The science of the life story
Storytelling starts in childhood, as kids narrate events to their parents. Their stories—fragmented, short, and sometimes seemingly pointless—are more than just cute. They reflect a struggle to master this innately human form of communication; children’s efforts also reveal just how cognitively demanding it is. Parents help this process along by asking questions about causes, effects, and emotions, implicitly teaching kids what makes a good story.
Adolescents improve by leaps and bounds in their storytelling ability, but they don’t quite perfect the art. In fact, at least one study says our stories become more and more coherent through our 20’s. The ability to integrate our stories around a common theme—more on that below—continues improving even into our 40’s. Stories are the way we make sense of the world, and we’re constantly narrating and revising in our heads, sometimes without even realizing it.
Although our life story is based on actual events, it is also highly personal and subjective. The same life could be narrated many ways; we might hone in on our parents’ divorce and how it colored everything that followed, or downplay the divorce and instead highlight an exemplary college career.
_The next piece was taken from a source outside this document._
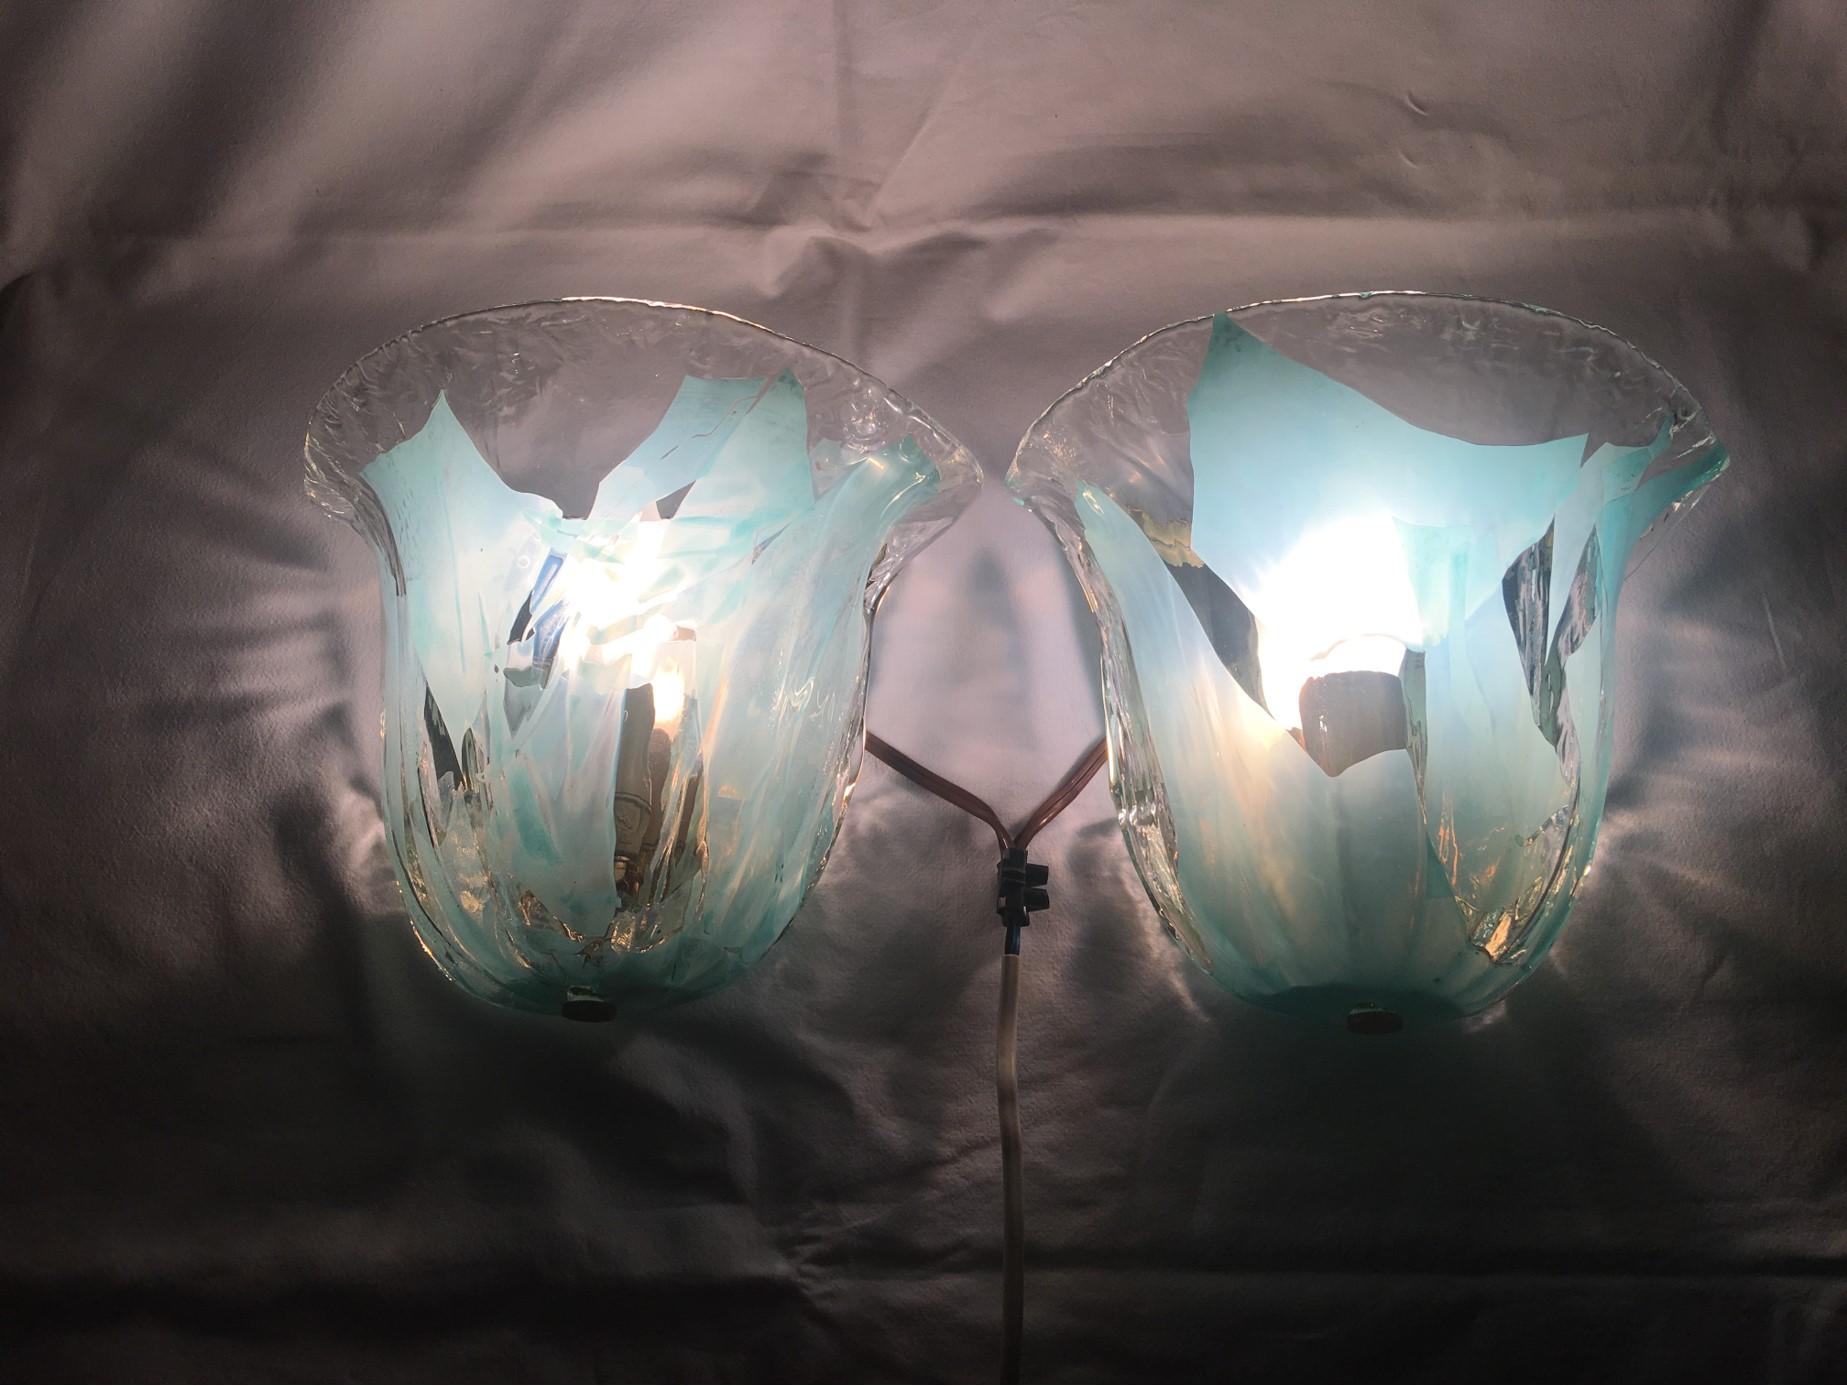 Rewired to meet US standards this lovely set of clear and turquoise glass sconces are an elegant addition to your home. Each fixture requires a European E 14 candelabra bulb with a max of 40 watts each. Very nice set. Shipped to you from Europe.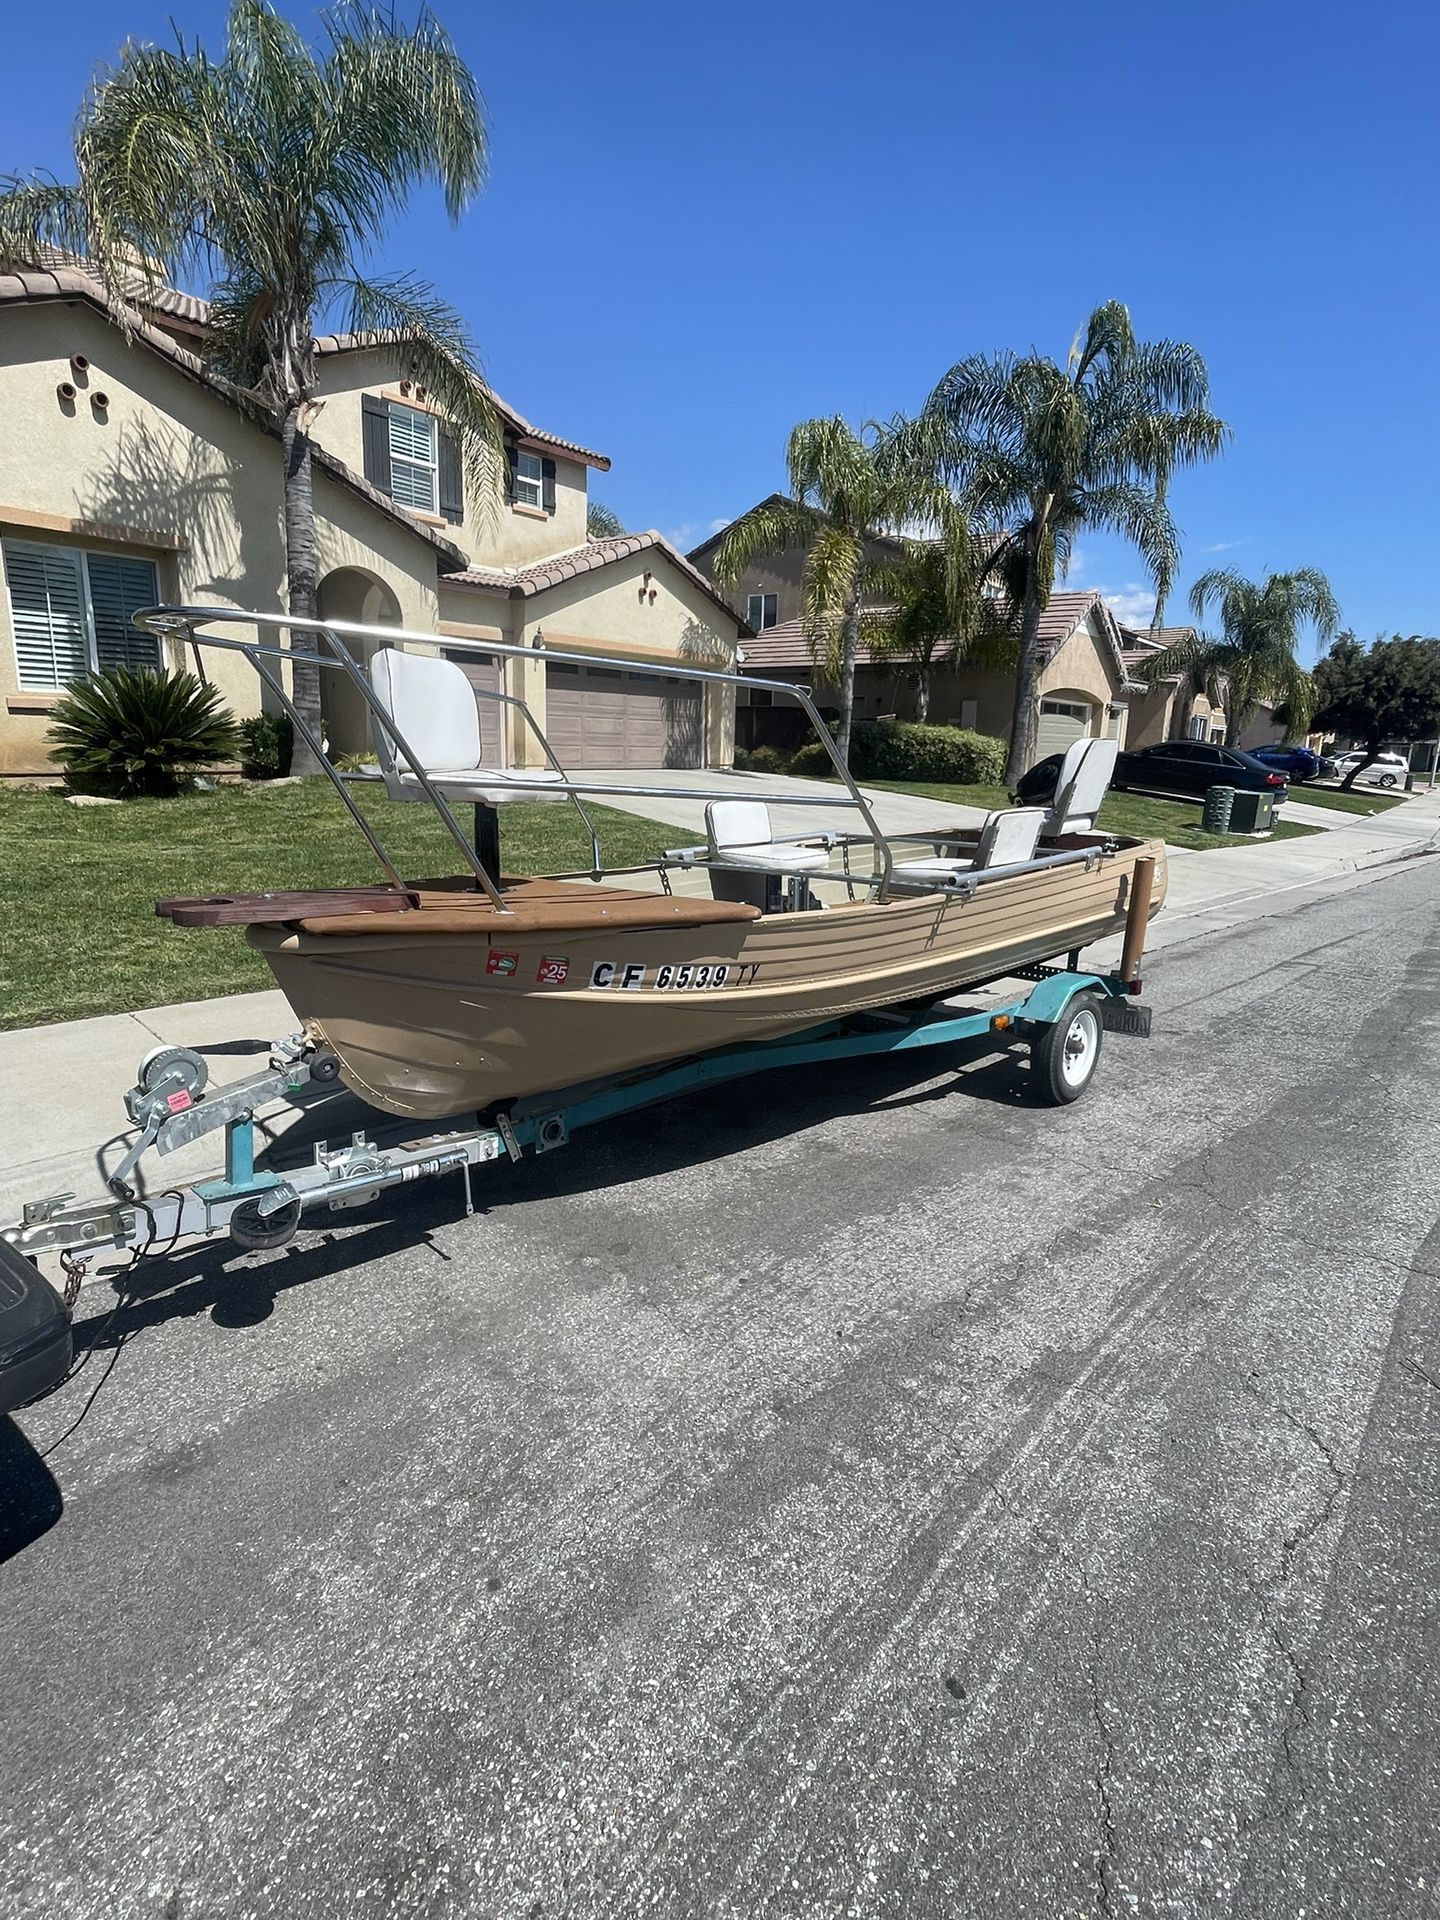 1968 Chrysler 14 Ft Boat With 3.5 Hp Mercury Engine

“Creating any kind of a story is a construction. It’s not just finding something that’s out there,” says Northwestern professor Dan McAdams, a pioneer in the field of narrative psychology. “Selves create stories, which in turn create selves.”
Not only do stories tell us who we are, but they can also become resources we draw upon in times of difficulty: Recalling stories of strength or resilience helps us confront new challenges, reminding us of how we solved problems in the past. Telling stories can connect us with others, creating intimacy and strengthening relationships. The best stories provide meaning and purpose by linking seemingly random events and experiences into a progressive journey.
Three common life themes
Studying stories is not easy, since every person’s life is so unique. In their quest to categorize and correlate, researchers have come up with different ways to analyze life stories, and one of those ways is by theme.
A theme is a common motivational thread or pattern that runs through a life story. The three themes detailed below—communion, agency, and redemption—have all been linked to well-being. If you want to cultivate happiness in the coming year, organizing your goals and your life story around one of these themes could help the pieces fall into place.
1. Communion. Stories that emphasize connection, love, friendship, intimacy, caring, or belonging embody the theme of communion. For example, in a 2013 paper, one participant focused on her supportive relationships when recalling a particular memory: “I was warm, surrounded by friends and positive regard that night. I felt unconditionally loved.”
In a 2004 study, 125 undergrads filled out personality surveys and then wrote about ten scenes from their life story, including a morality scene and a decision scene. Researchers analyzed these scenes for different themes, including the theme of communion. The more this theme showed up in their writing, the more extraverted and agreeable the students tended to be—two traits that are associated with high happiness.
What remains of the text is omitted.